Cervista HPV assays for fine-needle aspiration specimens are a valid option for human papillomavirus testing in patients with oropharyngeal carcinoma.

BACKGROUND

The objectives of this study were to evaluate the validity of Cervista human papillomavirus (HPV) assays in head and neck fine-needle aspiration (FNA) specimens from patients with head and neck squamous carcinomas and to verify that the Cervista assay in FNA specimens is a valid option for determining HPV status in patients with oropharyngeal carcinomas.

METHODS

The authors retrospectively retrieved 64 head and neck FNA specimens from patients who had head and neck squamous carcinoma. The specimens were tested for HPV types 16 and 18 (HPV16/18) and for high-risk (HR) HPV DNA using the Cervista HPV16/18 and HPV HR assays, respectively. The results from those assays were compared with the results from polymerase chain reaction (PCR)-based HPV assays in the same tissues and with the results from HPV in situ hybridization assays/p16 immunostaining in the corresponding primary tumors.

RESULTS

In total, 64 FNA specimens were analyzed. The Cervista HPV16/18 and/or HPV HR assays were positive in 48 of 64 specimens (75%), and there was a predominance of HPV16 (42 of 48 specimens; 88%). In the 49 specimens that had PCR-based test results, overall agreement with Cervista assay results was 96% (47 of 49 specimens; κ = 0.883).
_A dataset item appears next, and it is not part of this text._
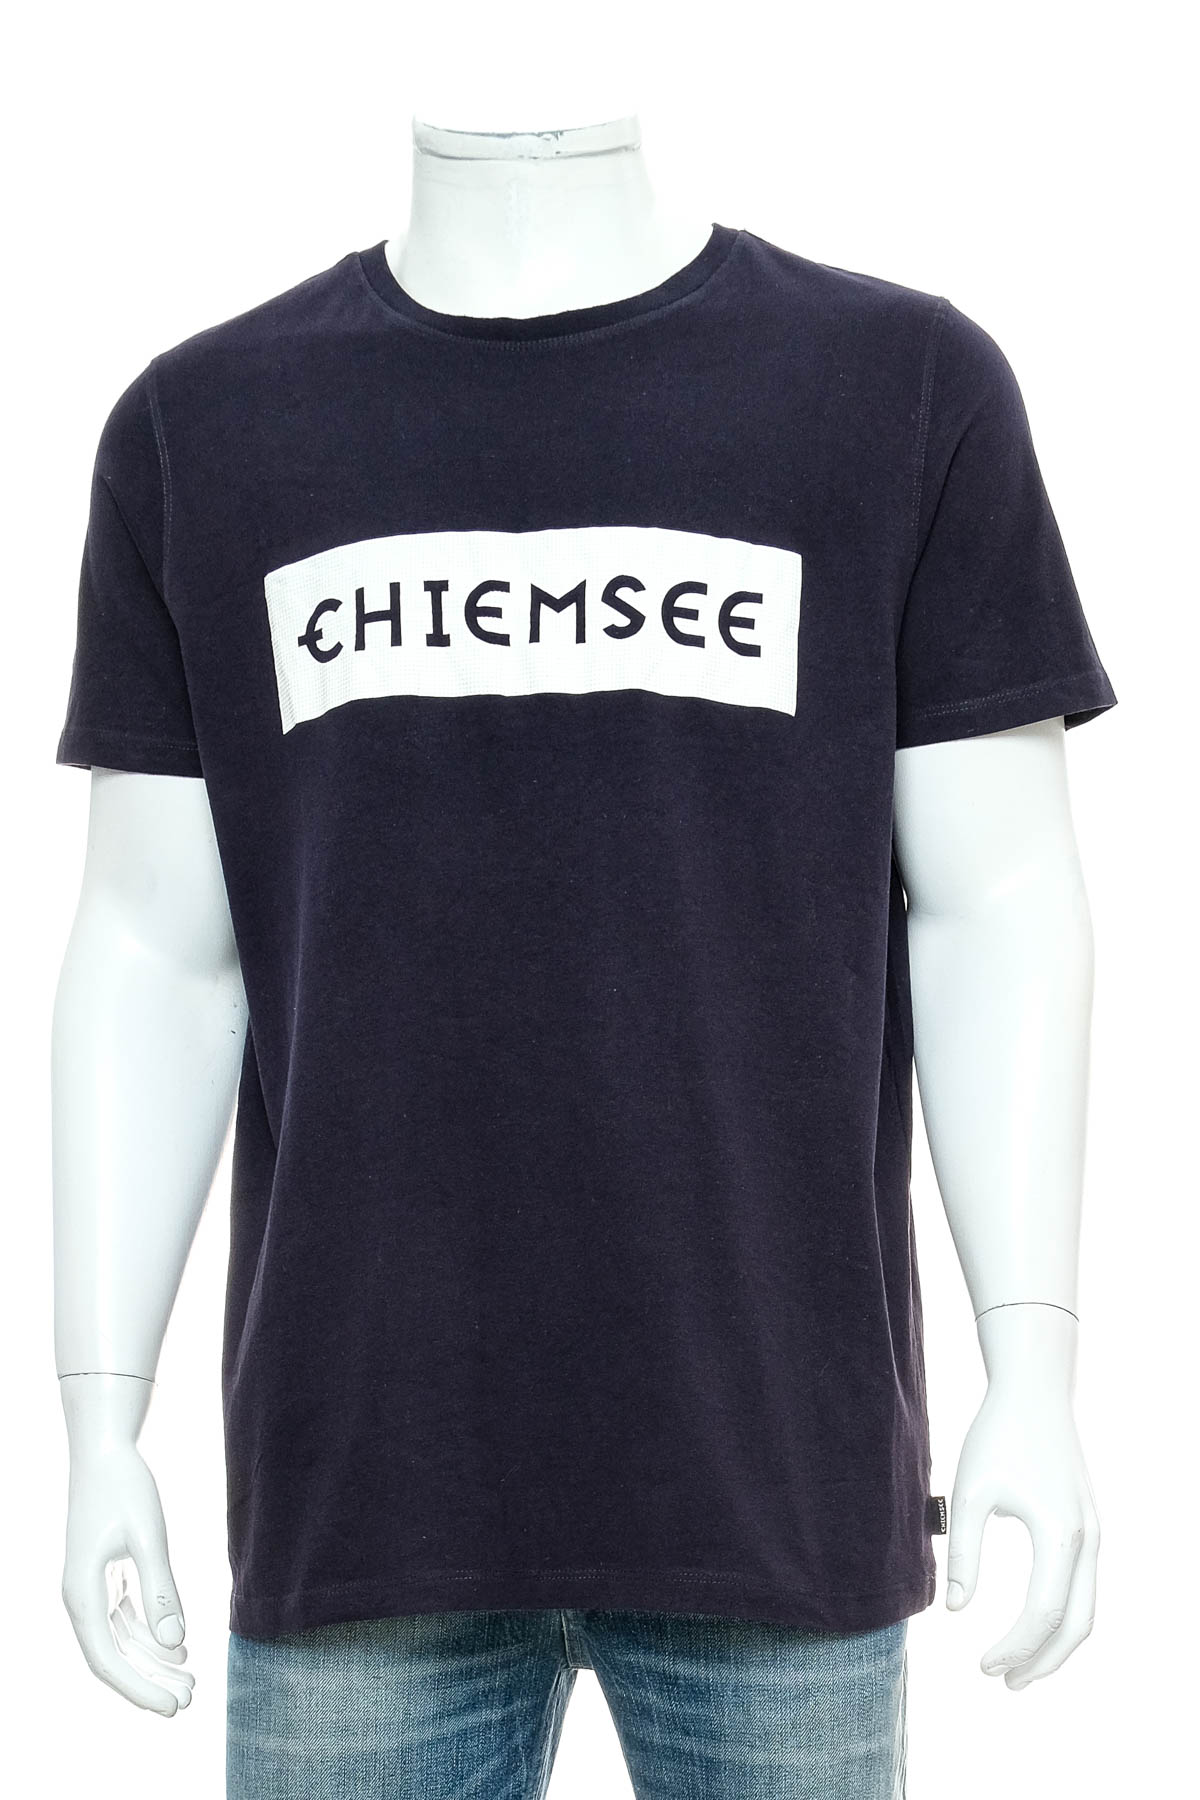 Αντρική μπλούζα - Chiemsee - 0
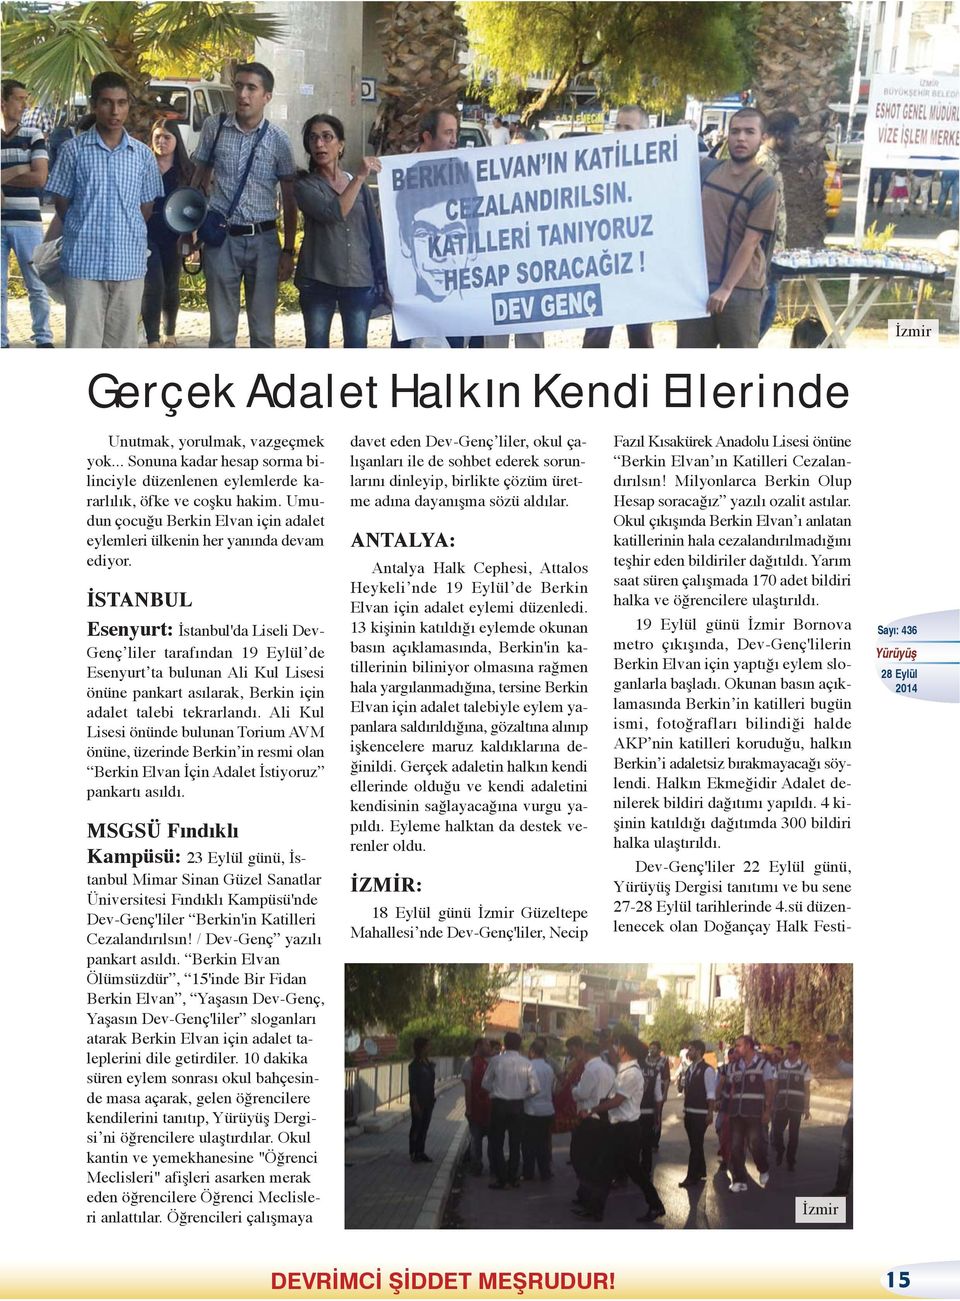 İSTANBUL Esenyurt: İstanbul'da Liseli Dev- Genç liler tarafından 19 Eylül de Esenyurt ta bulunan Ali Kul Lisesi önüne pankart asılarak, Berkin için adalet talebi tekrarlandı.

In the 49 specimens that had PCR-based HPV16/18 genotyping results, overall agreement with the Cervista HPV16/18 results was 94% (46 of 49 specimens; κ = 0.847). In the 36 primary carcinoma specimens that had valid HPV in situ hybridization/p16 immunostaining results, overall agreement with the Cervista assay results was 92% (33 of 36 specimens; κ = 0.679).

CONCLUSIONS

Cervista HPV16/18 and Cervista HPV HR testing of head and neck FNA specimens is a valid option for determining HPV16/18 status in patients with oropharyngeal carcinoma.